The present invention relates to a secure monitoring system and methods for the notification of identity usage.
Personal information and identification are generally regarded as important and worthy of at least a minimum attempt for security. People need identification for driving, obtaining medical care and applying for jobs. Identification is also required by credit card companies and banks to authorize the use of their services and also by government officials for border security and airline travel security.
Credit agencies monitor the activity of people through their identification and the use of various services such as a credit card for day-to-day purchases. This activity is evaluated and people are given a credit rating which is essentially a “report card” for their ability to pay back loans and other credit purchases they may require. Therefore the use of sensitive identification information greatly affects a person's ability to mortgage property or establish credit for making large purchases.
If a person's identification has been misplaced or stolen, it could be used by an unauthorized person in various fraudulent ways. This activity could lead to negative results applied against the person's credit rating and/or other undesired outcomes. The advent of electronic commerce (E-commerce) has presented further challenges in protecting identity information since identification numbers (i.e. phone numbers, social security numbers, credit card numbers etc.) may be sent over public networks and information may be stored in an electronic database which is connected to such a public network.
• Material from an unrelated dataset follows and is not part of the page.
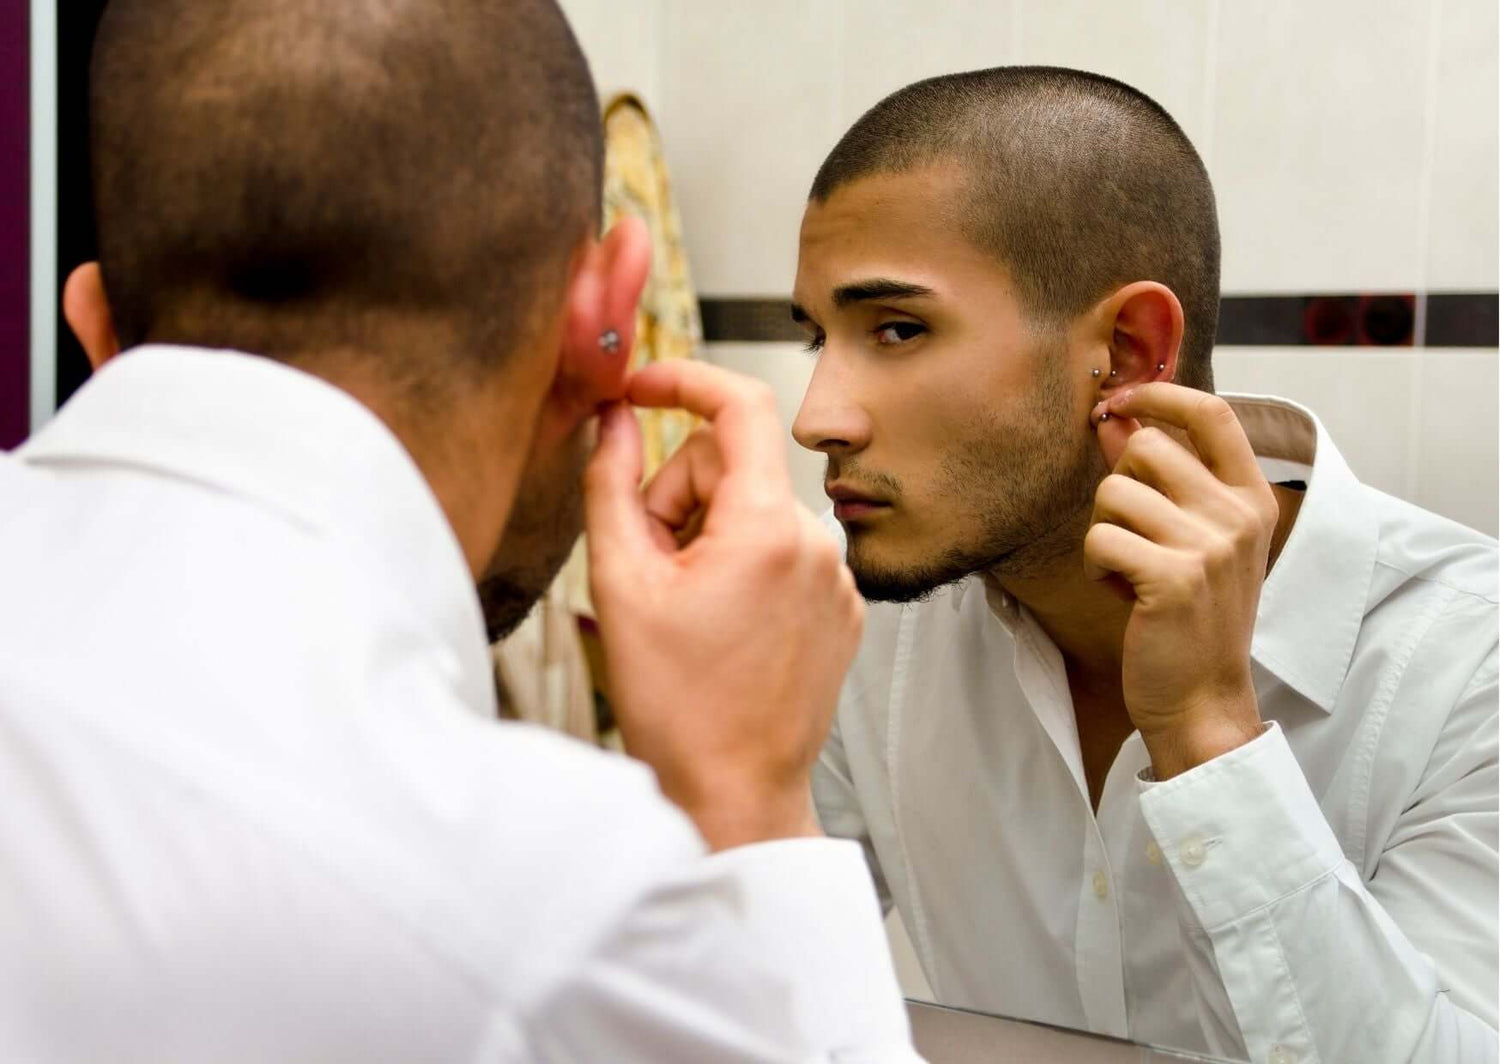 Ear Piercing Guide for Men - Dr. Piercing Aftercare

The Internet enabled World Wide Web provides wide access to information flowing across its supporting infrastructure allowing a person's identity to be essentially “stolen” since any unauthorized use of their personal information can be accomplished quickly and in many different locations which may or may not be significantly remote to the person's place of residence. By the time the person realizes that unauthorized activity has occurred, the damage has often already been done and it is up to the person to rectify any incorrect or fraudulent activity.
Credit report services such as Equifax attempt to deal with identification theft by providing an automated credit watch service, Equifax Credit Watch™. This service monitors subscribing users' credit reports and provides alerts to the customers when activity occurs relating to their credit reports. The alerts are presented to the customer either within 24 hours or 7 days depending on the level of service paid for. A delay of even 24 hours is sufficient to allow a person's identification to be used in many ways and many times. Therefore, although monitoring is done, it is not nearly as responsive as necessary to track E-commerce activities. Furthermore, credit report monitoring mainly relates to financial information and does not encompass unauthorized use of other forms of identification such as a passport or driver's license.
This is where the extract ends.